WHAT YOU SHOULD DO
In the listing below, find the line containing "Odette Black Patterned Clutch Bag For Women" and the line containing "Hucoco - OLIV". Repeat exactly those two lines and every line between them, nothing more.
** Opening EXTRACTED INFORMATION block **
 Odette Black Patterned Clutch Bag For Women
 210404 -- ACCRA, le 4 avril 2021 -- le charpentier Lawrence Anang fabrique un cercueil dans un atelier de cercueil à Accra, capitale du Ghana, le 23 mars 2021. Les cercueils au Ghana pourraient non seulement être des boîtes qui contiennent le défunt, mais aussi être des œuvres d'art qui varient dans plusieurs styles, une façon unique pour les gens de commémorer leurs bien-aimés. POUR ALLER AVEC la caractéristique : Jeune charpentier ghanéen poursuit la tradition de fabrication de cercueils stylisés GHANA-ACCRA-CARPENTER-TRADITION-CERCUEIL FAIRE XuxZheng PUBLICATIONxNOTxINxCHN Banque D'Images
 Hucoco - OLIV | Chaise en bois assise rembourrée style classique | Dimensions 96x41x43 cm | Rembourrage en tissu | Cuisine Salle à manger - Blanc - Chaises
** Closing EXTRACTED INFORMATION block **
** Opening EXTRACTED INFORMATION block **
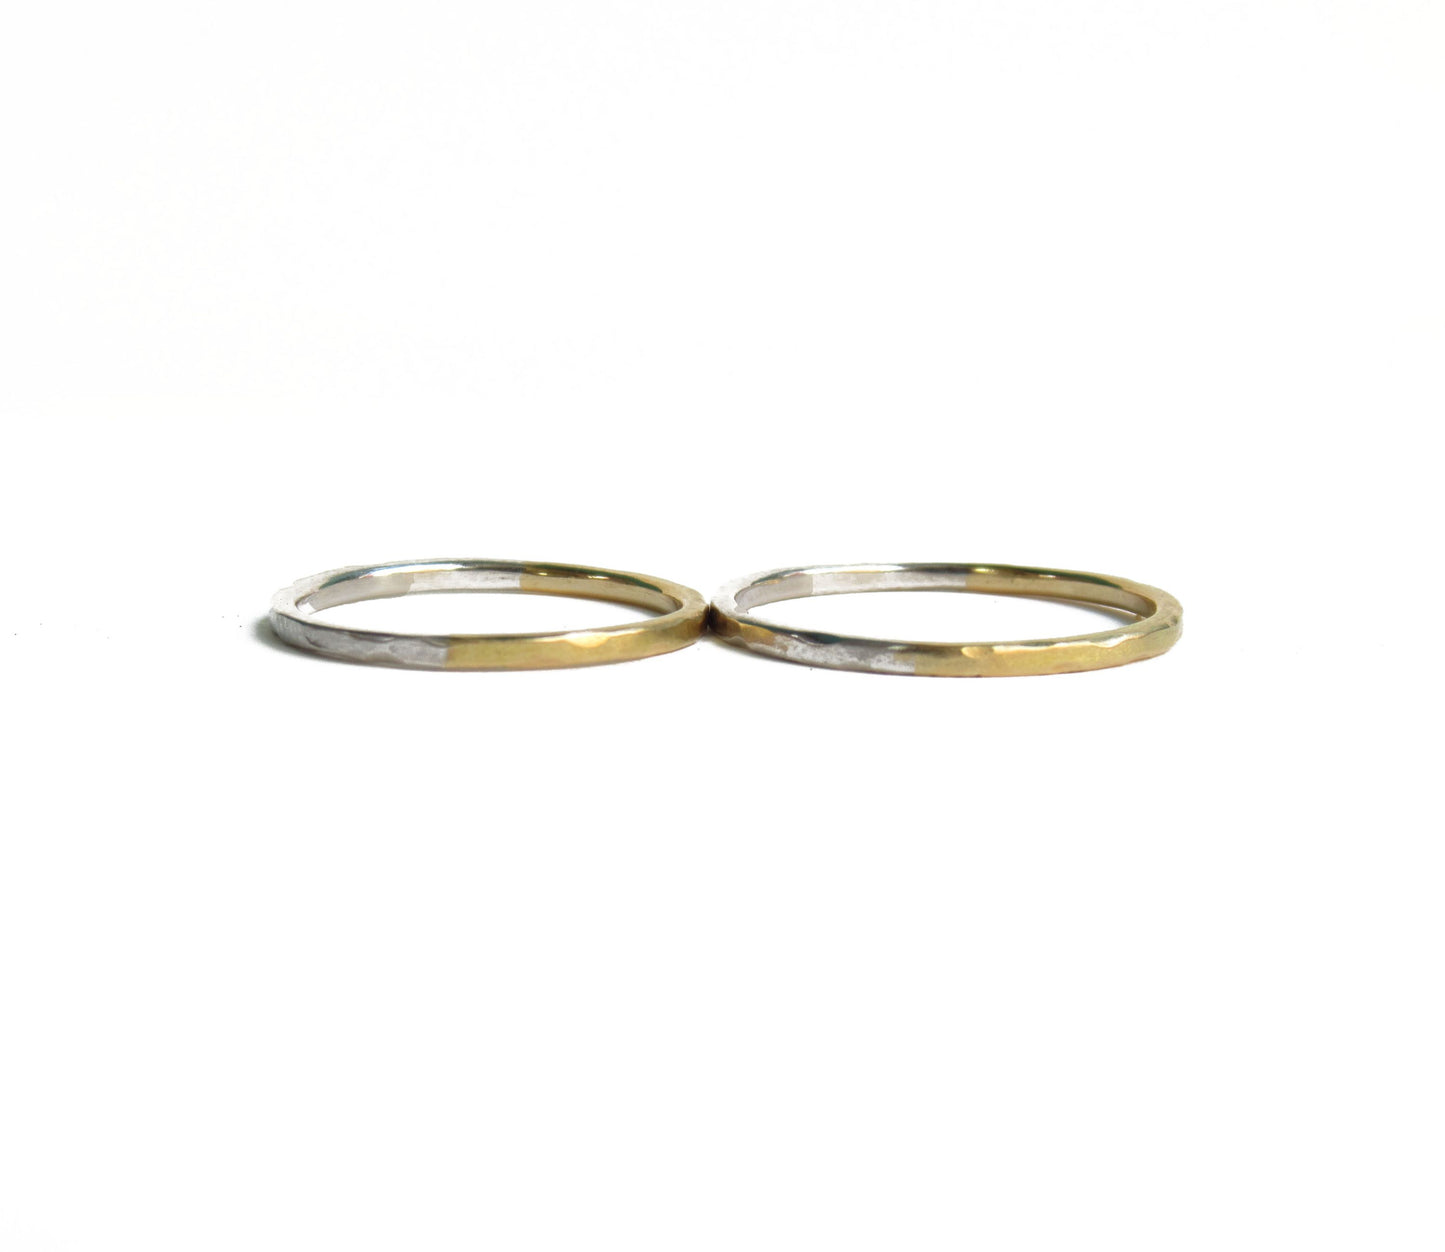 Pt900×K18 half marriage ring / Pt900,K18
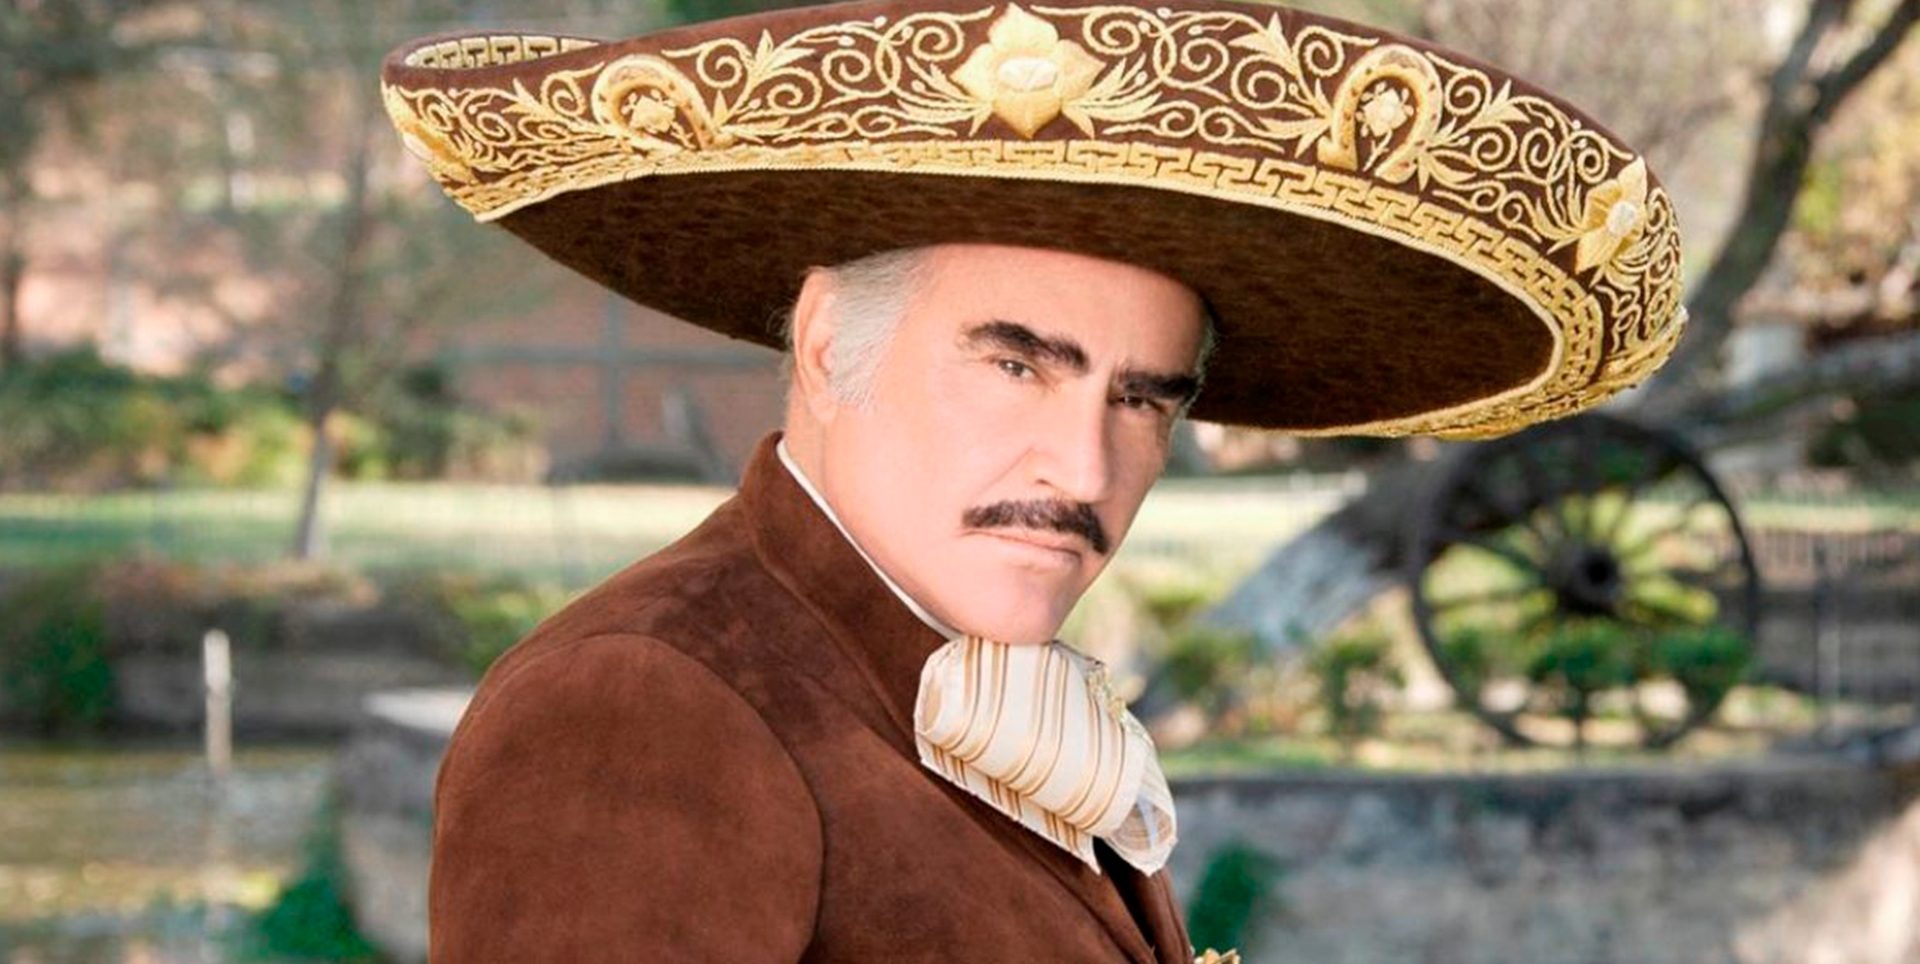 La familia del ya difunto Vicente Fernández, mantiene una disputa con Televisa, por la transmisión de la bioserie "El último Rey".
** Closing EXTRACTED INFORMATION block **
THE ANSWER
 Odette Black Patterned Clutch Bag For Women
 210404 -- ACCRA, le 4 avril 2021 -- le charpentier Lawrence Anang fabrique un cercueil dans un atelier de cercueil à Accra, capitale du Ghana, le 23 mars 2021. Les cercueils au Ghana pourraient non seulement être des boîtes qui contiennent le défunt, mais aussi être des œuvres d'art qui varient dans plusieurs styles, une façon unique pour les gens de commémorer leurs bien-aimés. POUR ALLER AVEC la caractéristique : Jeune charpentier ghanéen poursuit la tradition de fabrication de cercueils stylisés GHANA-ACCRA-CARPENTER-TRADITION-CERCUEIL FAIRE XuxZheng PUBLICATIONxNOTxINxCHN Banque D'Images
 Hucoco - OLIV | Chaise en bois assise rembourrée style classique | Dimensions 96x41x43 cm | Rembourrage en tissu | Cuisine Salle à manger - Blanc - Chaises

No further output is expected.